5.2 Thermal noise corruption

As multiplicative station gain errors and phase corruptions are removed by the closure invariant construction to first-order, we consider how the additive thermal noise affects the signal-to-noise ratio (SNR) of closure invariants and the subsequent reconstruction in this section. With the addition of the thermal noise term, the uncertainty of the closure invariants are no longer agnostic of the overall flux of the source. Thus, we test the robustness of the model for sources normalised to a total flux of 1 Jy and we report the performance with respect to the median closure invariant SNR. We explore the performance of GenDIReCT as a function of SNR by enhancing the system equivalent flux densities (SEFD) of all stations by the same multiplicative factor in order to achieve a desired SNR. Then, we sample an observation at that SNR to produce a reconstruction from the noisy closure invariants.

In Figure 3, we illustrate the performance of GenDIReCT on simulated observations of the Sgr A* model displayed in Figure 2. We measure the maximum normalised cross-correlation image fidelity metric, $\rho_{\mathrm{NX}}$ , and the relative CRPS of the diffusion output as functions of the median SNR of closure invariants. In this idealised scenario, GenDIReCT’s performance on the Sgr A* model asymptotically approaches $\rho_{\mathrm{NX}} \approx 0.99$ at high SNR and its resilience against noise is demonstrated by the consistent performance down to $\mathrm{SNR} \approx 3$ , only dropping to $\rho_{\mathrm{NX}} \lesssim 0.90$ near $\mathrm{SNR} \lesssim 1$ . The performance of the diffusion model, as measured by the CRPS, follows a similar general trend, implying a similar response to noise between the diffusion component of GenDIReCT and the output of the CNN. If this performance is maintained in non-ideal scenarios, it implies that under the standard SEFDs of the EHT2022 array, GenDIReCT can be used to produce good quality reconstructions of sources with total fluxes several times fainter than M87, and potentially as low as 0.1 Jy. While this was achieved with GenDIReCT trained on noiseless synthetic observations, it’s conceivable that incorporating the noise response of closure invariants during training can assist the model in generating predictions with even greater resilience to thermal noise.

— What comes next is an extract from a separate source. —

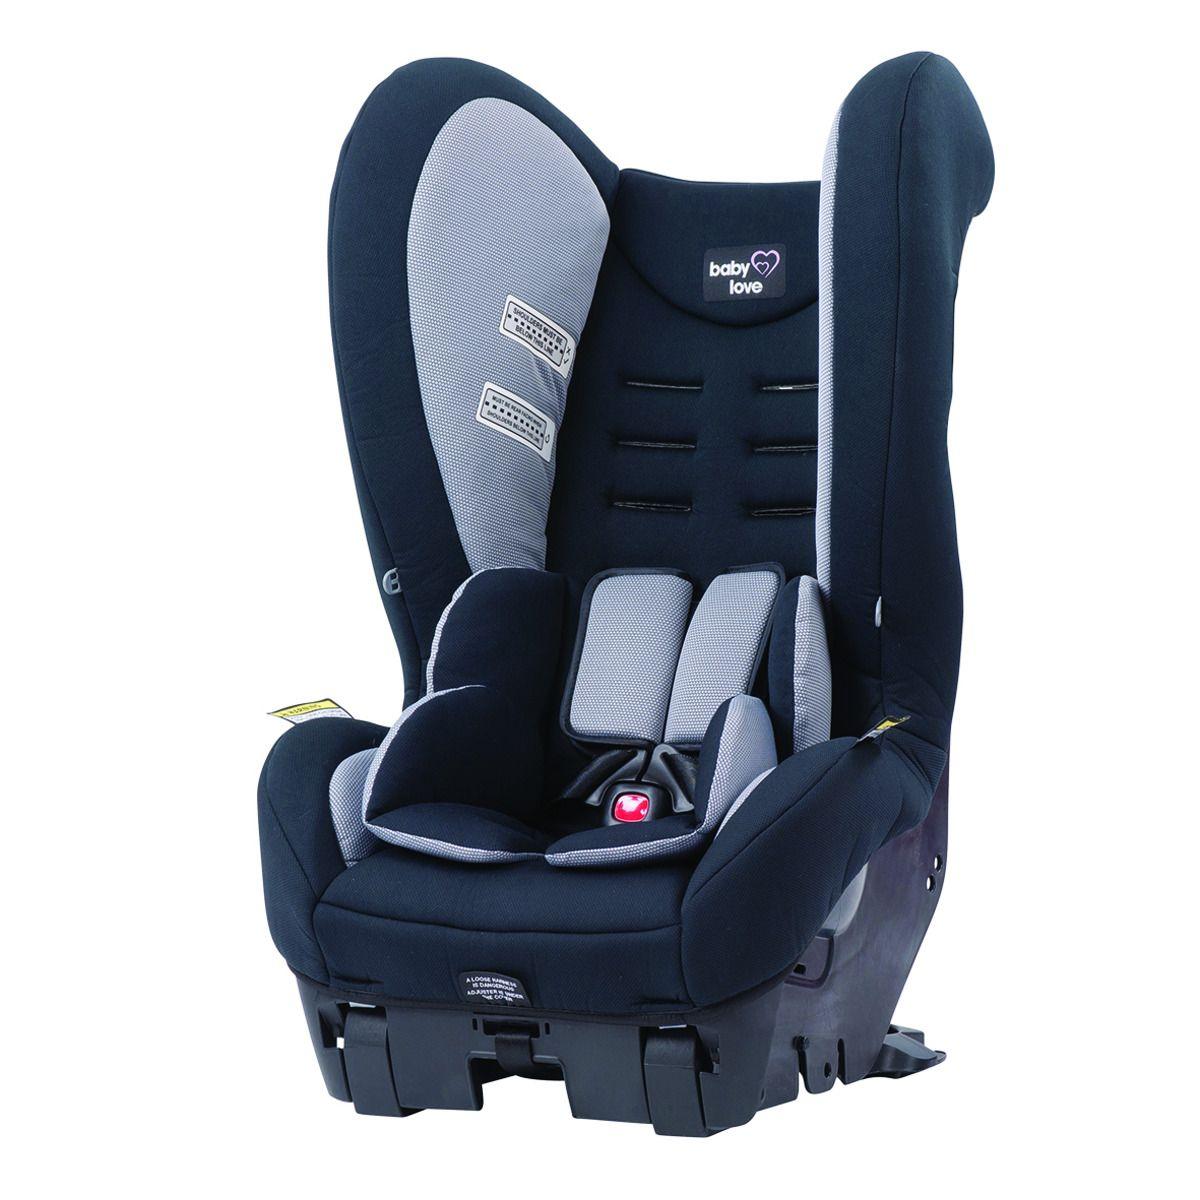 Babylove vantage ii convertible car seat car seats

As the closure invariants construction is not necessarily unique (Thyagarajan et al. Reference Thyagarajan, Nityananda and Samuel2022), different forms of the closure invariants can influence GenDIReCT’s response to noisy corruptions due to heterogeneity in the array. Blackburn et al. (Reference Blackburn2020) demonstrated that when the array’s sensitivity is dominated by a single station, constructing closure phases centered around baselines of that station would minimise the closure phase covariances. Closure invariants would similarly benefit from strategic selection of reference antenna, which define the specific manifestation of these invariants. We confirm that varying the reference baselines does not influence noiseless reconstructions, as the information content is identical. However, we caution that the robustness of the reconstruction to noisy corruptions will depend on these decisions.

5.3 Trained and untrained morphologies

In this section, we present the product of the GenDIReCT reconstruction pipeline in Figure 4 for both trained and untrained morphologies, normalised to 1 Jy. The trained morphological classes are the 2D Gaussian, double Gaussian, ellipse, ring, and crescent. The untrained morphologies include a fourth-order m-ring (Roelofs et al. Reference Roelofs2023a), Centaurus A model (Janssen et al. Reference Janssen2021), and Einstein’s face. In order to adapt Einstein’s face for our model, we have augmented the image with a radial tapering mask, similar to those applied to the CIFAR-10 dataset. The field-of-view of all images is fixed to $225\,\unicode{x03BC}$ as $\,\times\,225\,\unicode{x03BC}$ as and the image dimensions are $64\times64$ pixels.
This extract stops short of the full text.